KUPOL MINE, Russia (Reuters) - Every winter, an ice road is laid across 400 km (250 miles) of tundra to carry supplies to one of the world's most isolated gold mines.
There is no other way for heavy machinery to reach Kupol, the $700 million Arctic mine behind a resurgence in Russian gold production after five straight years of decline.
"It's one of the harshest climates I've worked in, and I've worked in the Atacama desert in Chile and at 15,000 feet in Indonesia," said Patrick Dougherty, general manager at Kupol.
"But I don't get to pick where the gold is."
Only South Africa holds more gold than Russia, but Moscow's fragmented industry has struggled to access vast reserves in its inhospitable Far East. The region was first mined in the 1930s by prisoners of the Gulags set up by Soviet leader Josef Stalin.
Russia is the world's biggest energy supplier, but falling prices and reduced demand have cut income from natural resources to about 8 percent of its gross domestic product in the first quarter of 2009, from nearly 11 percent a year ago.
Gold, on the other hand, has been helped by recession.

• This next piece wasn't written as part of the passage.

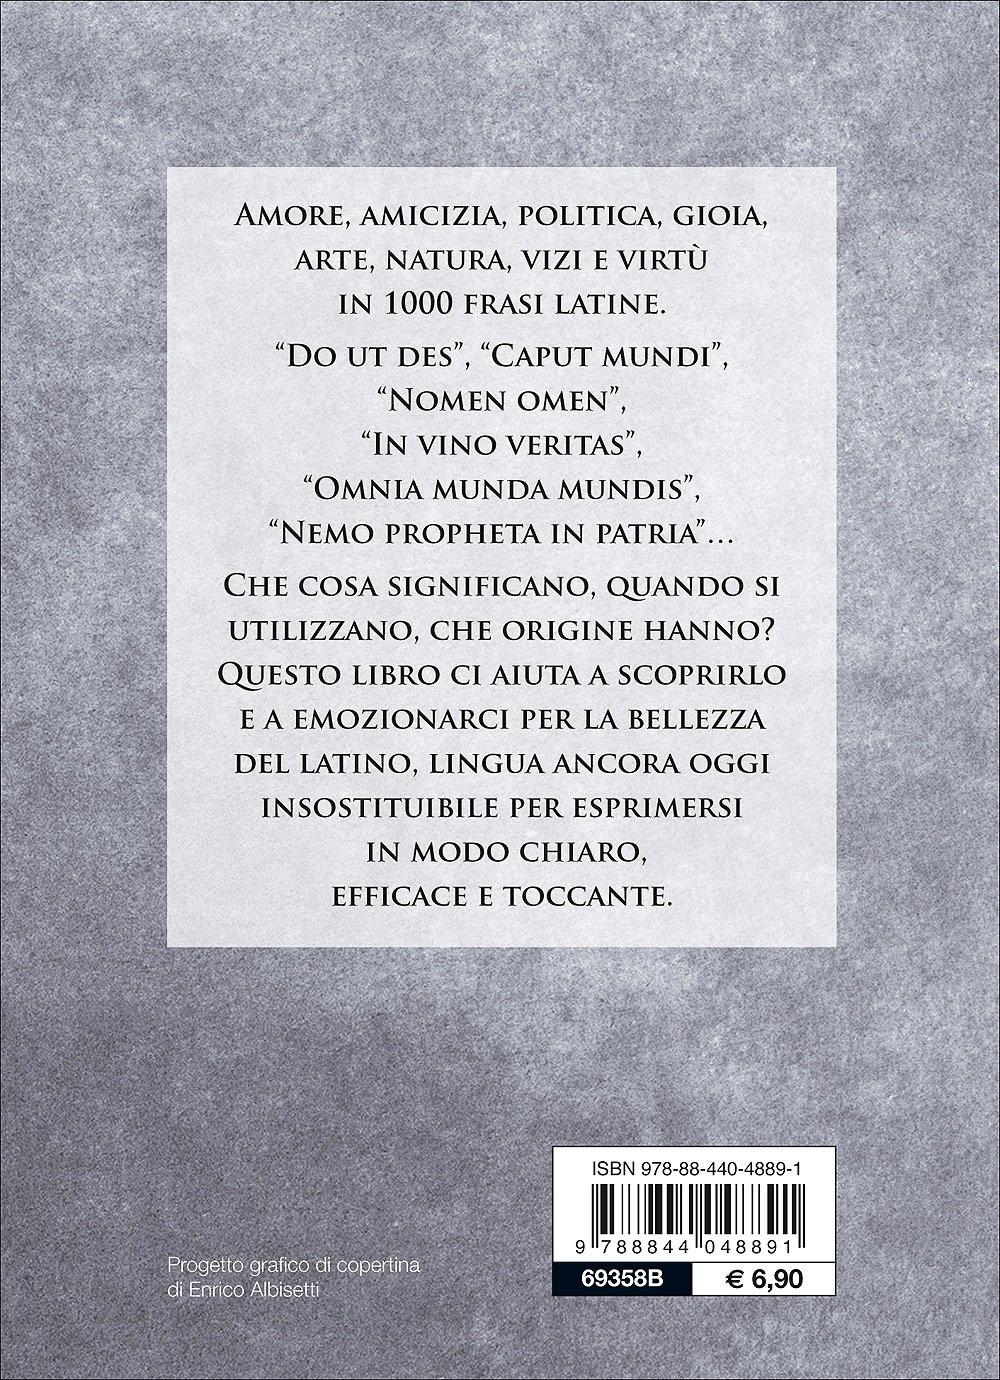 Frasi Latine Amore

Its safe-haven appeal has shielded it from a demand slump that shredded other commodity prices, lifting it by 10 percent this year to keep it within striking distance of a record price of $1,030.8 an ounce set in March 2008.
Chukotka, a region revived in the last eight years by the $2.5 billion investment of Chelsea soccer club owner Roman Abramovich, produced a fifth of Russia's gold in the first half of this year. Gold is the region's passport to growth after Abramovich quit as governor last July.
Russia ranked fifth among the world's gold miners last year, between Australia and Peru, with an 8 percent share of output. Production rose 13 percent in 2008, the first increase in six years, and jumped another 25 percent in the first half of 2009.
"This was solely due to the commissioning of Kupol," said Olga Okuneva, mining analyst at Deutsche Bank in Moscow. "If other large projects in the Far East start producing gold, this will be a major growth driver for the Russian gold industry."
Kupol -- meaning dome in Russian -- is named after a rounded outcrop of rock that juts skyward from the tundra in central Chukotka, over 200 km (125 miles) from the nearest settlement.
The mine took five years to build. It is the largest tax payer in Chukotka, a land twice the size of Germany where reindeer outnumber people four to one.
"With a deposit as large as Kupol, mining's contribution to the regional economy is expected almost to double to 37 percent this year," said Roman Kopin, the 35-year-old who took over as governor when Abramovich resigned.
Kinross Gold Corp, the Canadian miner which owns 75 percent of Kupol, is unusual among foreign investors for holding a majority share in a major Russian mineral deposit. The government of Chukotka owns the other 25 percent.